● PROMPT: Every line of the material needs an exact copy, apart from the images.

START SUPPLIED DATA

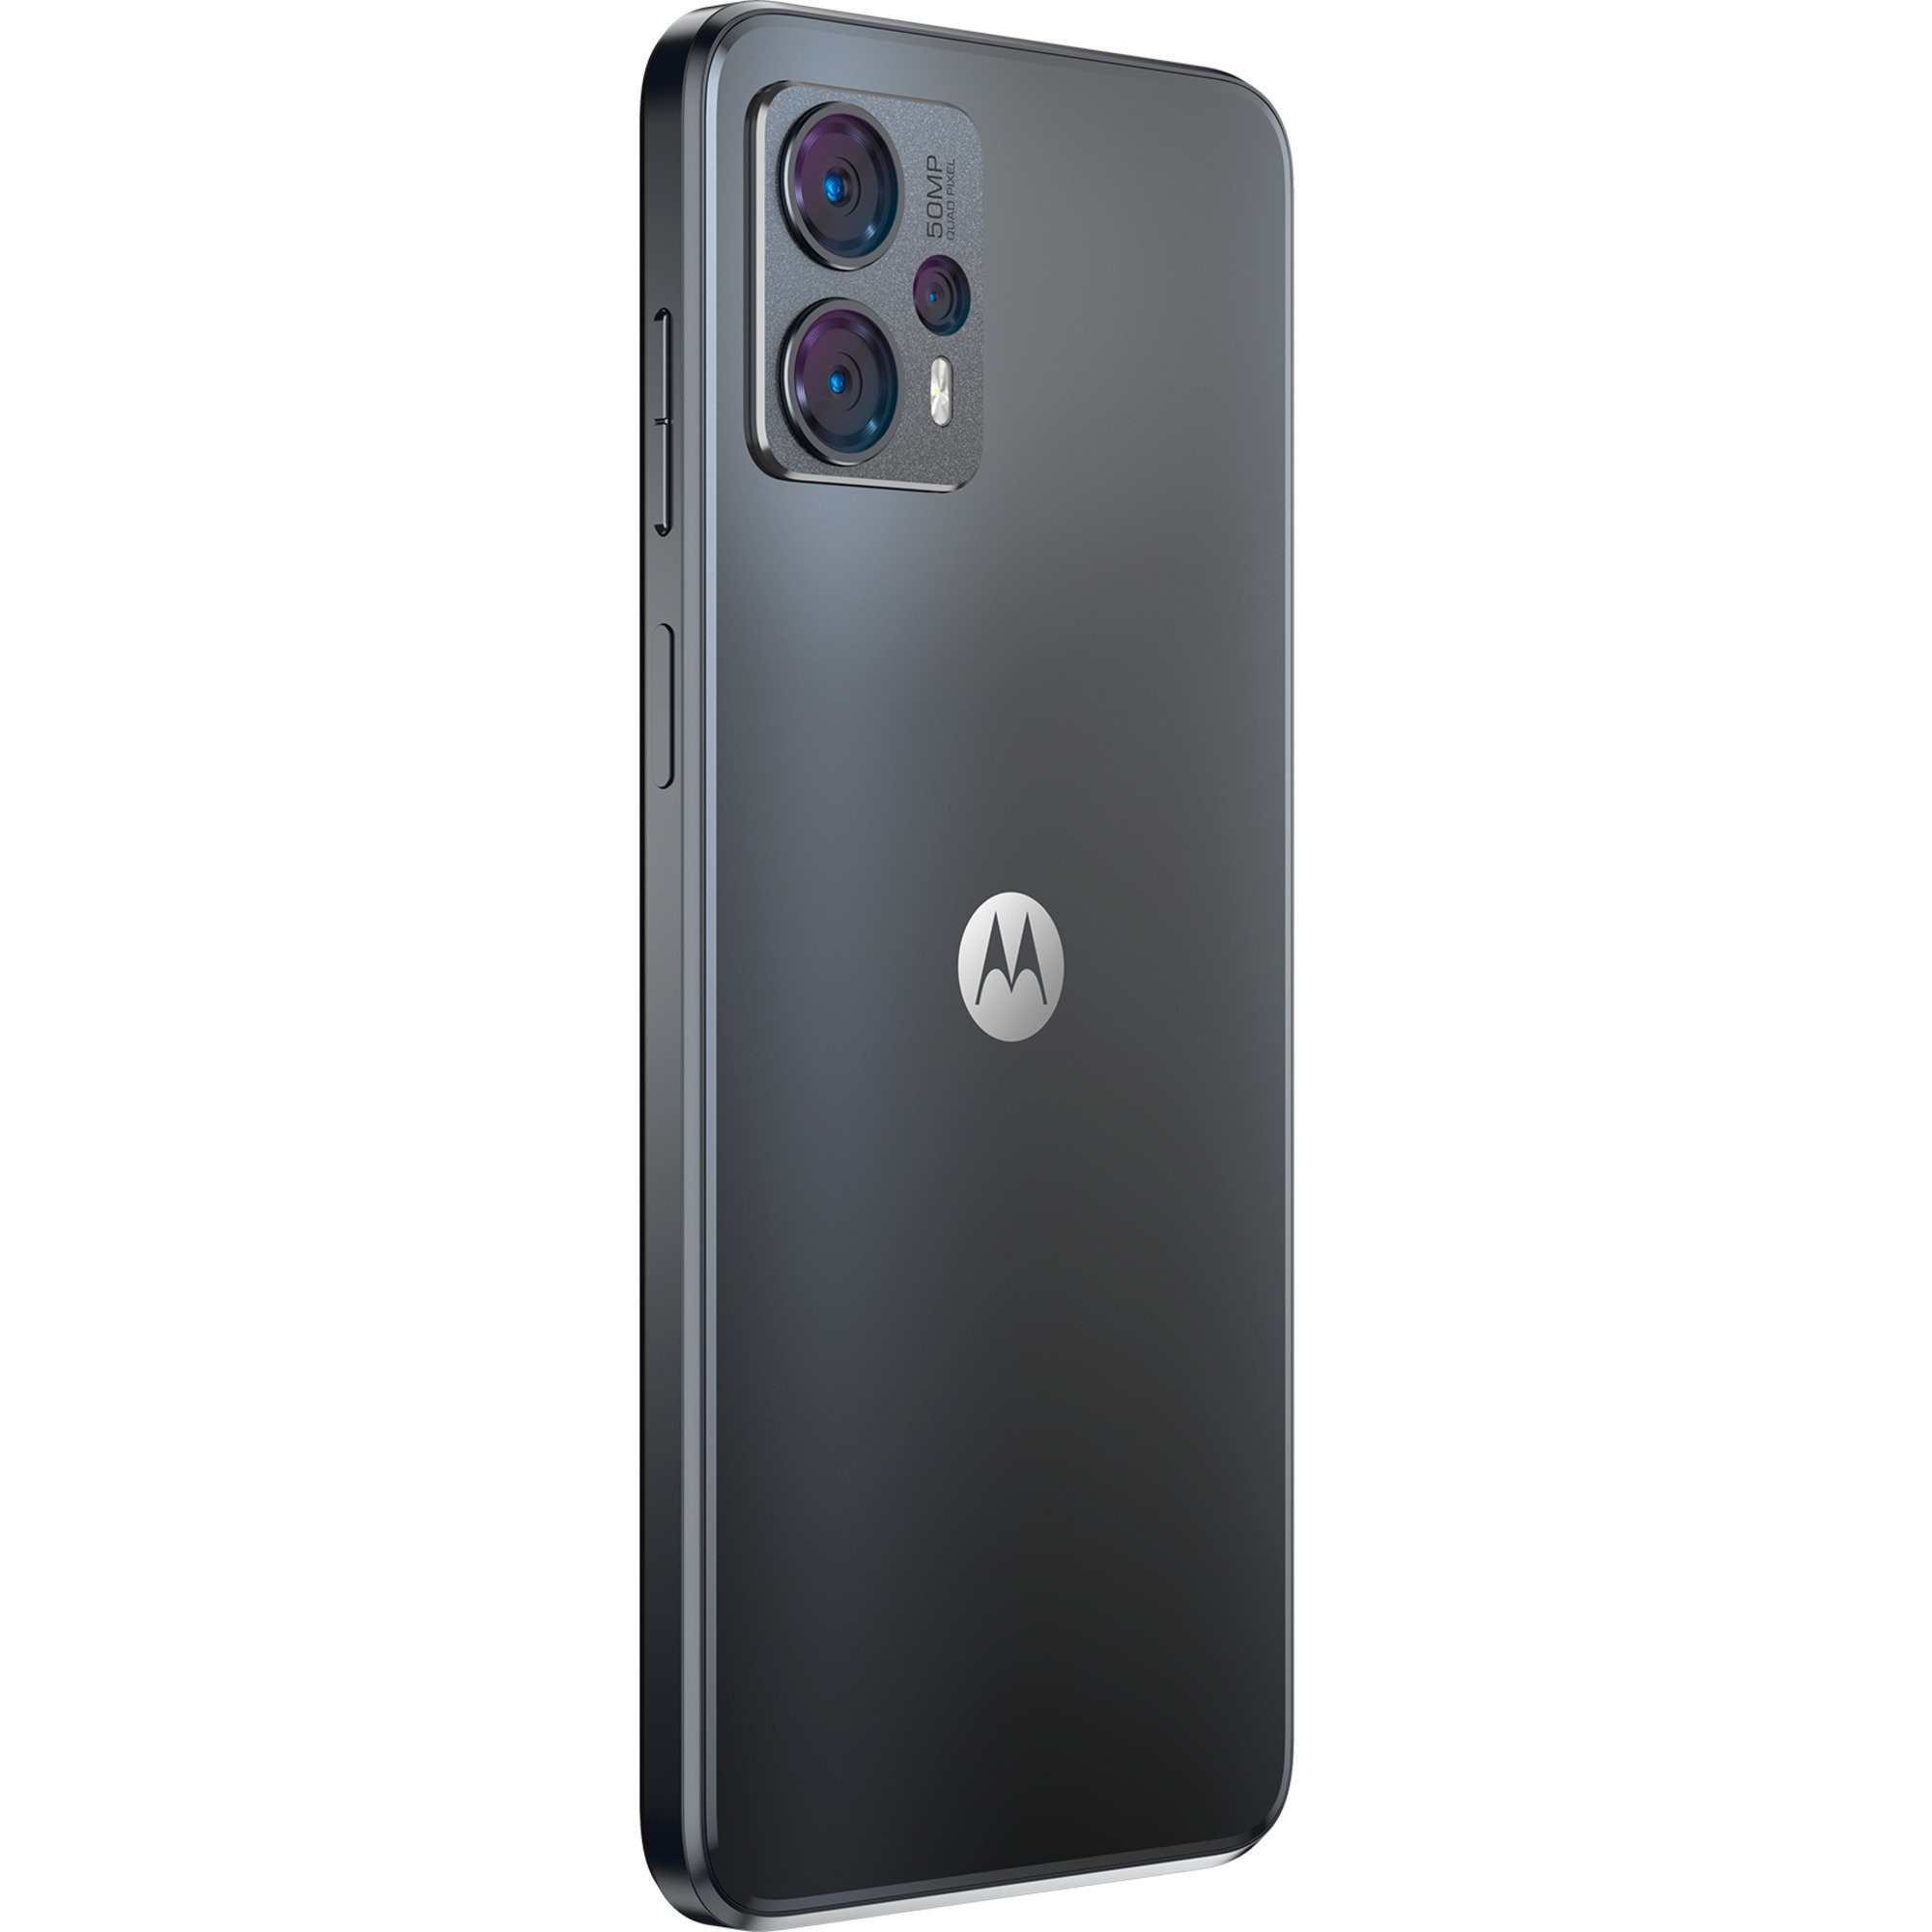 Handy, G23 Smartphone Kamera) (50 MP Lenovo Motorola Moto Charcoal, MP Motorola 128GB, (Matte
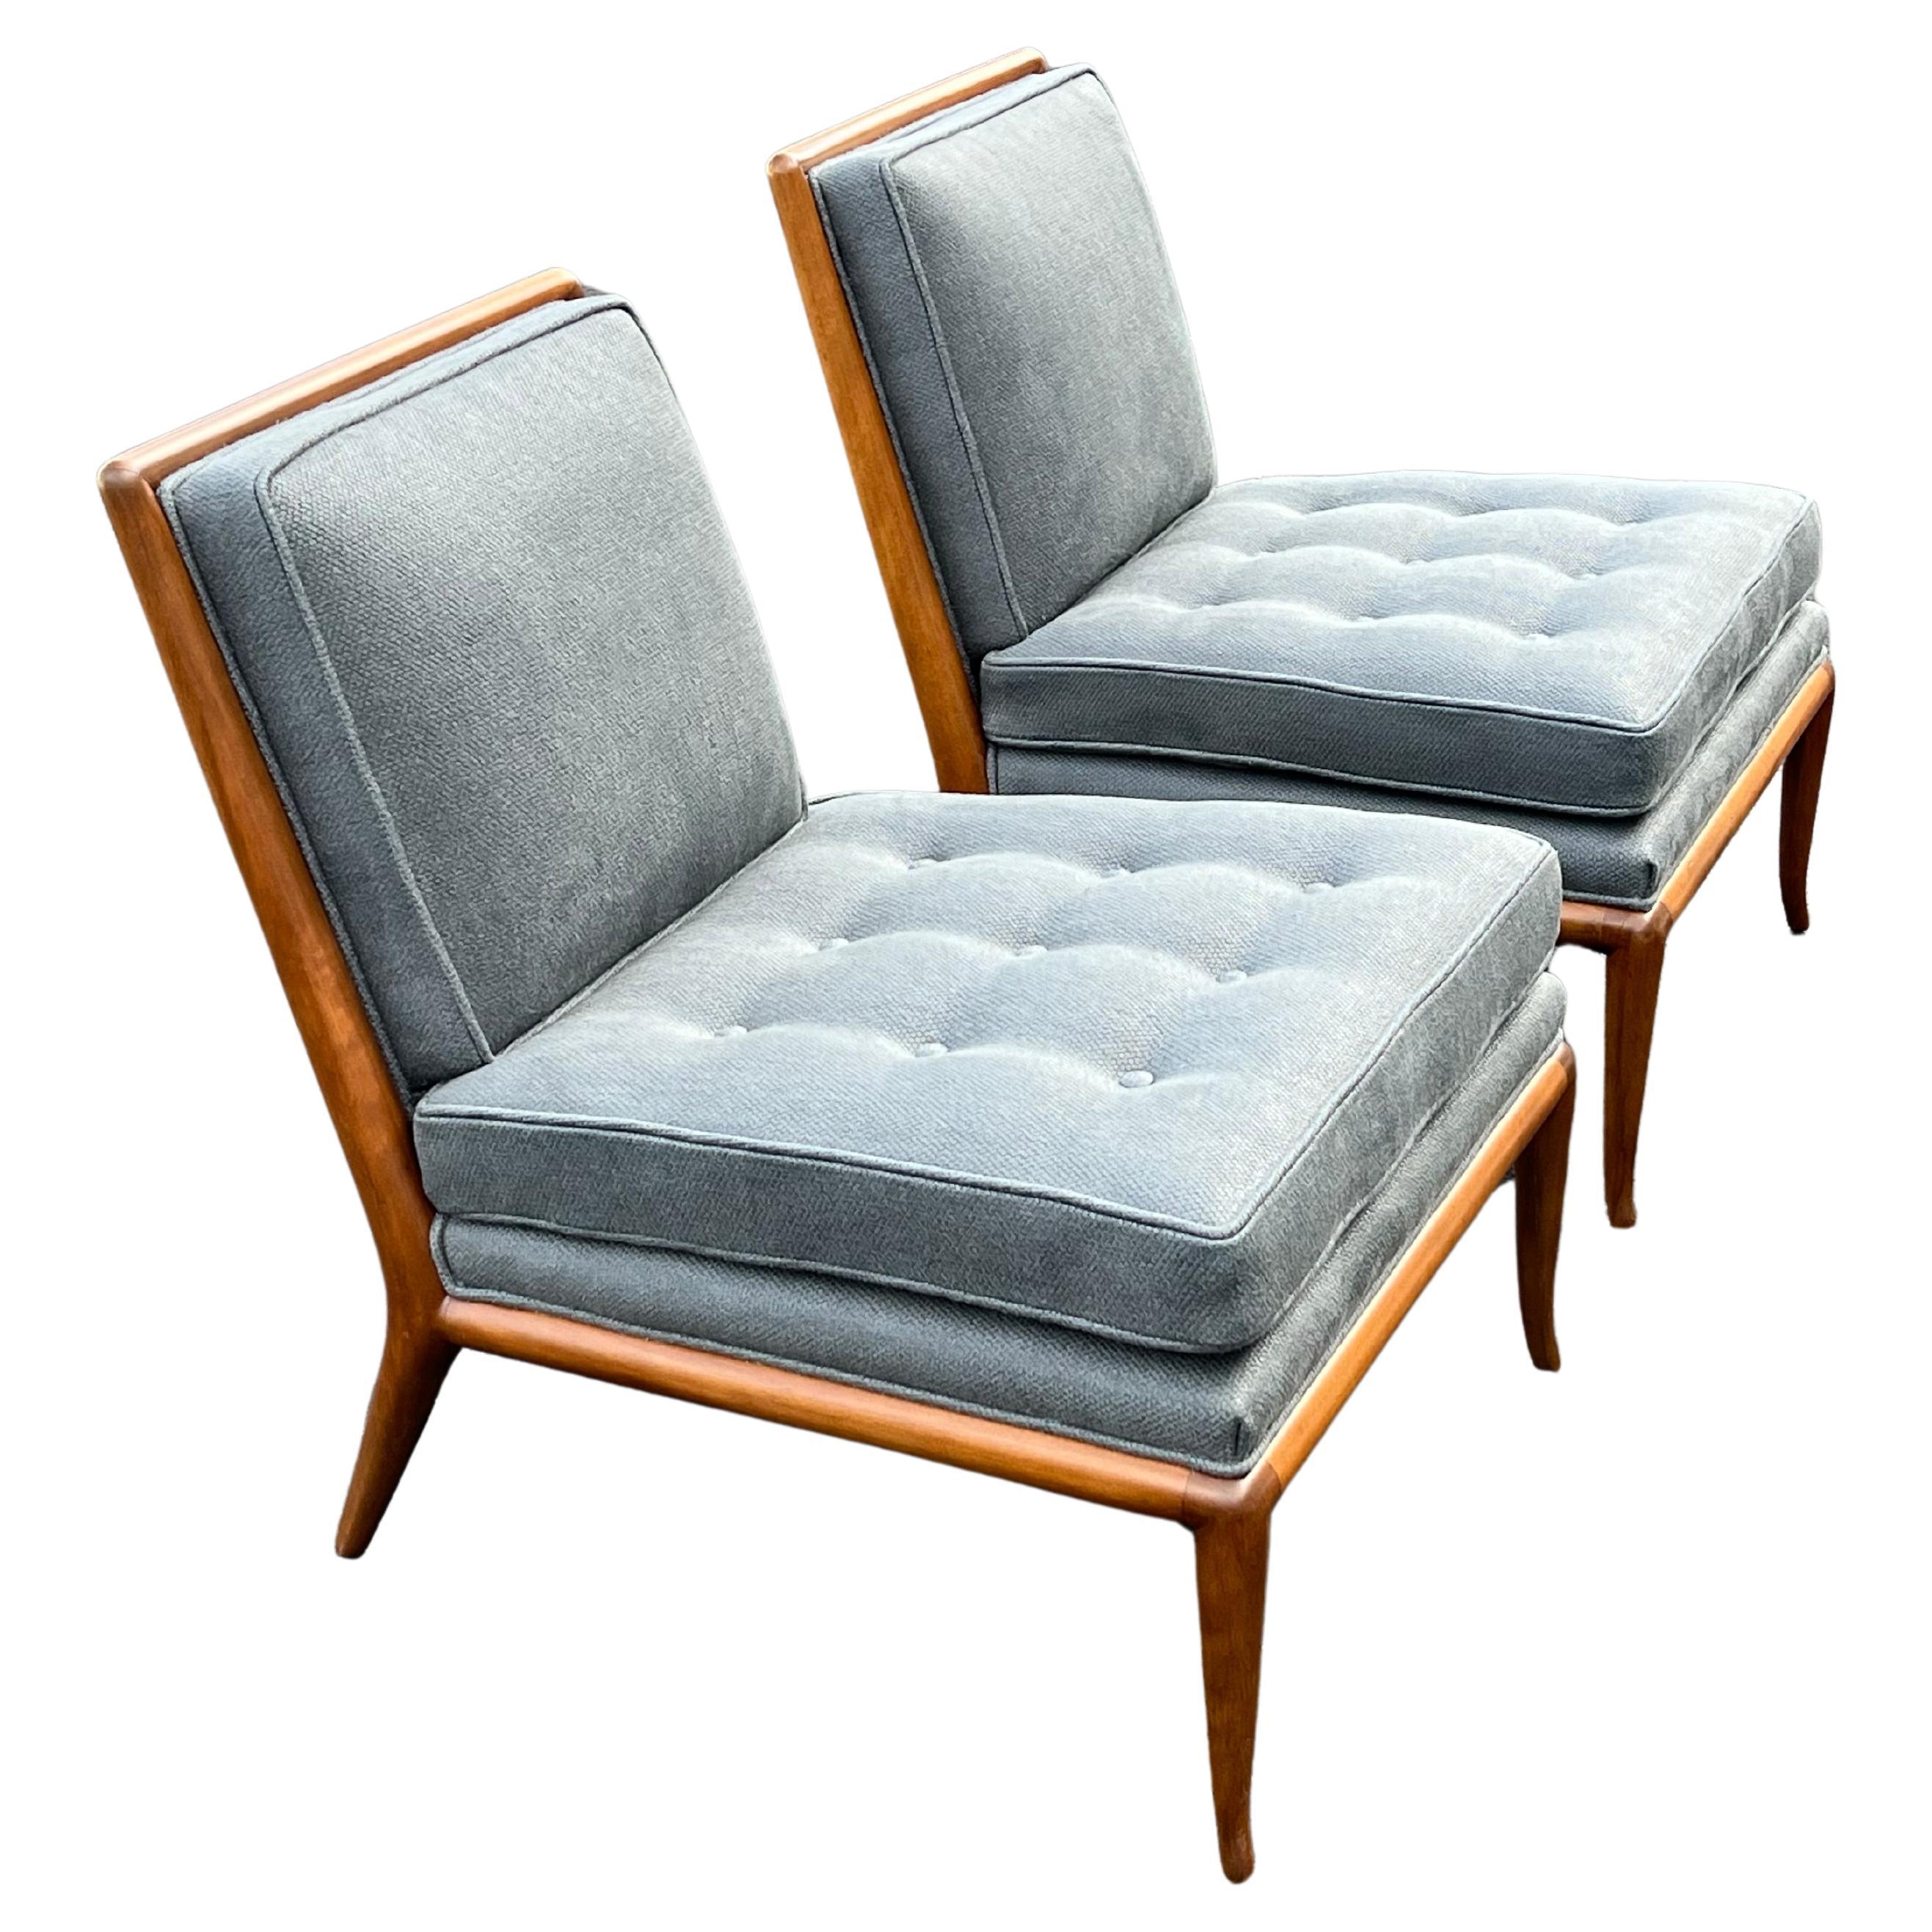 A Pair of T.H. Robsjohn-Gibbings Classic Slipper Chairs
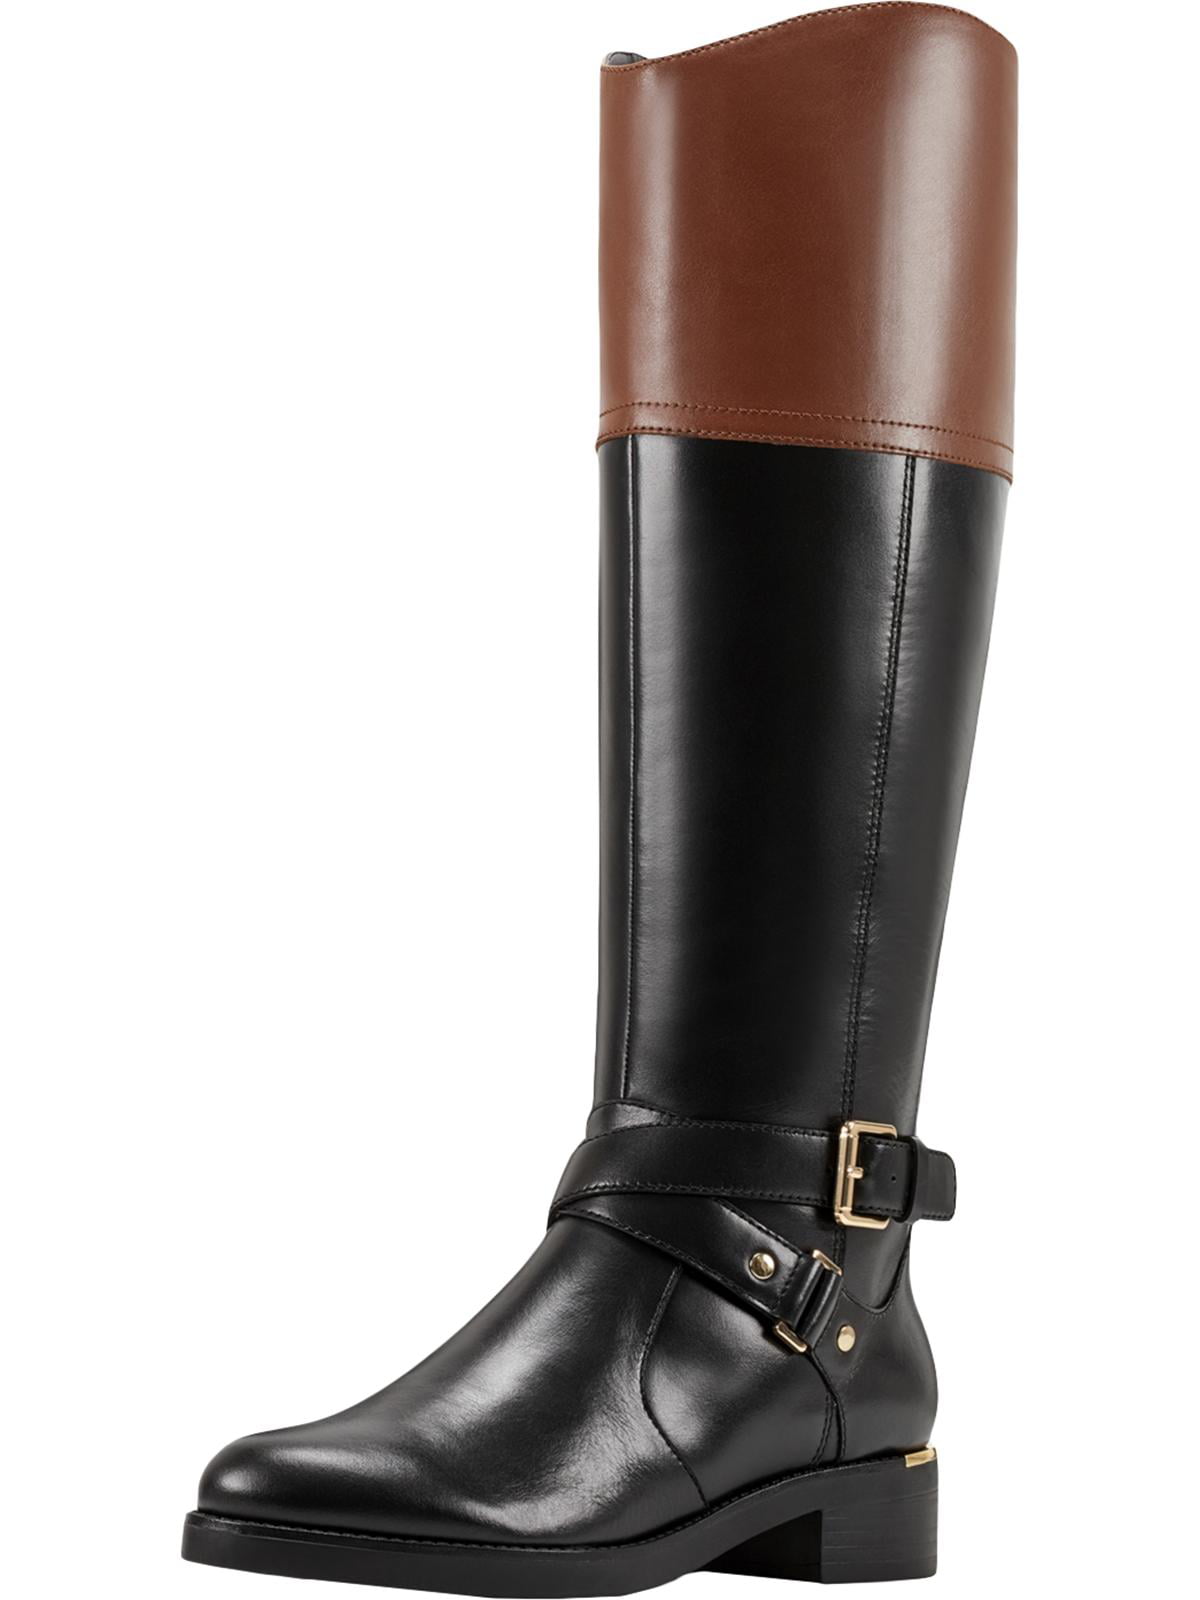 Bandolino Womens Jimani Leather Knee-High Riding Boots Black 7.5 Medium ...

END SUPPLIED DATA

● RESPONSE:
 Handy, G23 Smartphone Kamera) (50 MP Lenovo Motorola Moto Charcoal, MP Motorola 128GB, (Matte
 A Pair of T.H. Robsjohn-Gibbings Classic Slipper Chairs
 Bandolino Womens Jimani Leather Knee-High Riding Boots Black 7.5 Medium ...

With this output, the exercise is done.